ACTG 5142, presented at the International AIDS Conference earlier this year [3], found a significantly faster time to virologic failure with lopinavir than with efavirenz (P = 0.006) through 96 weeks of follow-up. In this analysis the ACTG defined early failure as lack of virologic suppression by at least 1 log (10-fold) or rebound before week 32; late failure meant never getting under 200 copies or rebound after week 32. In a second primary analysis defining failure as virologic failure or toxicity-related discontinuation of any drug in the regimen, response did not differ significantly between the two arms. Although fewer people taking efavirenz had a virologic failure, more efavirenz failures than lopinavir failures resulted in double-class resistance. Unlike the Spanish/Italian randomized trial [1] or the cohort study [2], ACTG 5142 found a significantly better CD4 response with lopinavir/ritonavir than with efavirenz (median gains of 285 versus 241 cells, P = 0.01).
 
The ACTG study was 4 times longer and 7.5 times bigger than the Spanish/Italian randomized trial [1], but it included three arms instead of two. The ACTG randomized treatment-naive people with relatively advanced HIV infection (median CD4 count 182, median viral load 100,000 copies) to efavirenz or lopinavir/ritonavir plus two nucleosides, or to efavirenz plus the PIs without nucleosides. Like both studies discussed above, ACTG 5142 relied on the old capsule formulation of lopinavir/ritonavir. Investigators used 3TC with either AZT, extended-release d4T, or tenofovir.
 
References
1. Echeverria P, Carosi G, Galves J, et al. Similar antiviral efficacy and tolerability between efavirenz and lopinavir/ritonavir, administered with abacavir/lamivudine (Kivexa), in naive patients: a multicentre, randomized study. 8th International Congress on Drug Therapy in HIV Infection, November 12-16, 2006, Glasgow. Abstract P7.

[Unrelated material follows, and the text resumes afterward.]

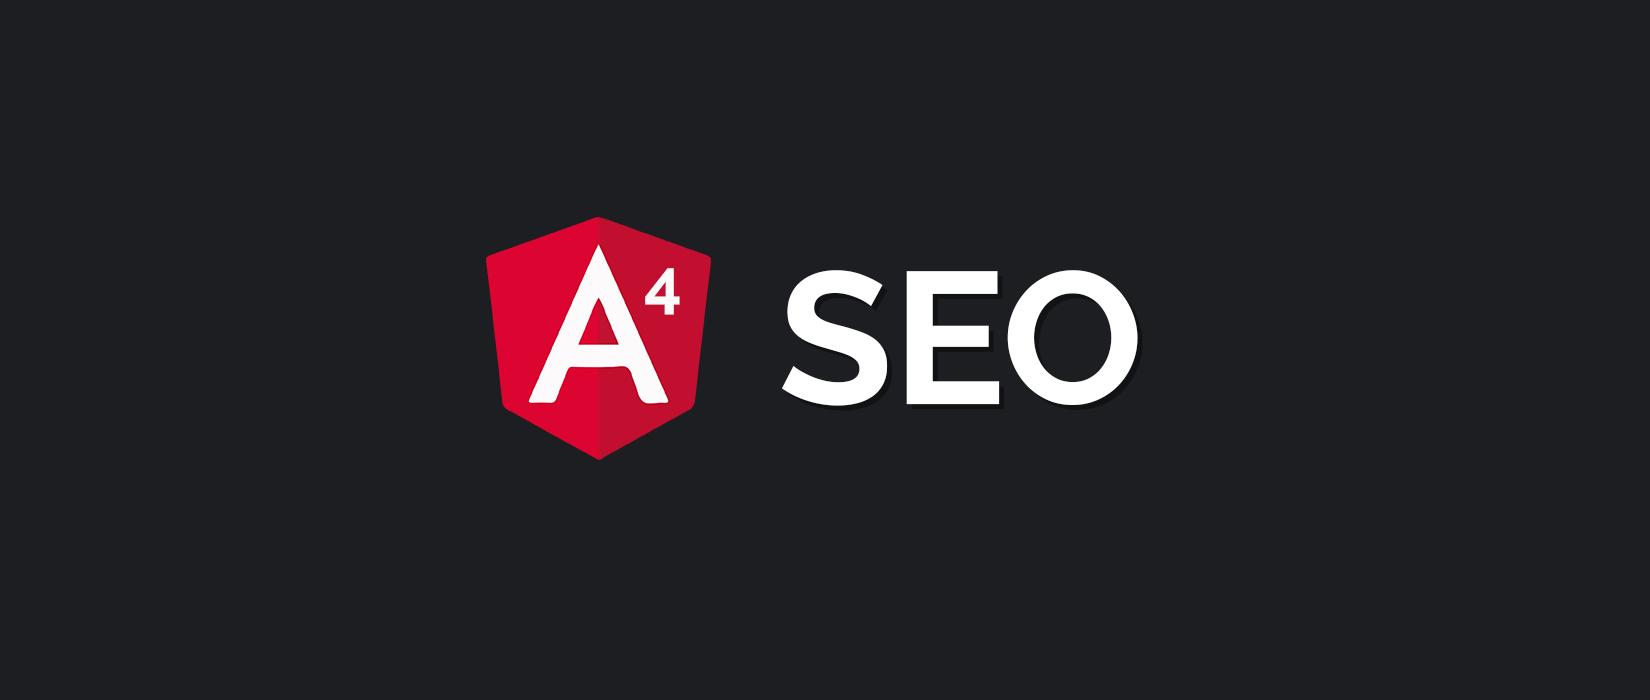 Make your Angular App SEO-Friendly (Angular 4 + Universal)

2. Pulido F, Arribas J, Moreno S, et al. Similar virologic and immunologic response to efavirenz or lopinavir/ritonavir-based HAART in a large cohort of antiretroviral-naive patients with advanced HIV infection. 8th International Congress on Drug Therapy in HIV Infection, November 12-16, 2006, Glasgow. Abstract P9.
3. Riddler SA, Haubrich R, DiRienzo G, et al. A prospective, randomized, phase III trial of NRTI-, PI-, and NNRTI-sparing regimens for initial treatment of HIV infection--ACTG 5142. XVI International AIDS Conference. August 13-18, 2006. Toronto. Abstract THLB0204.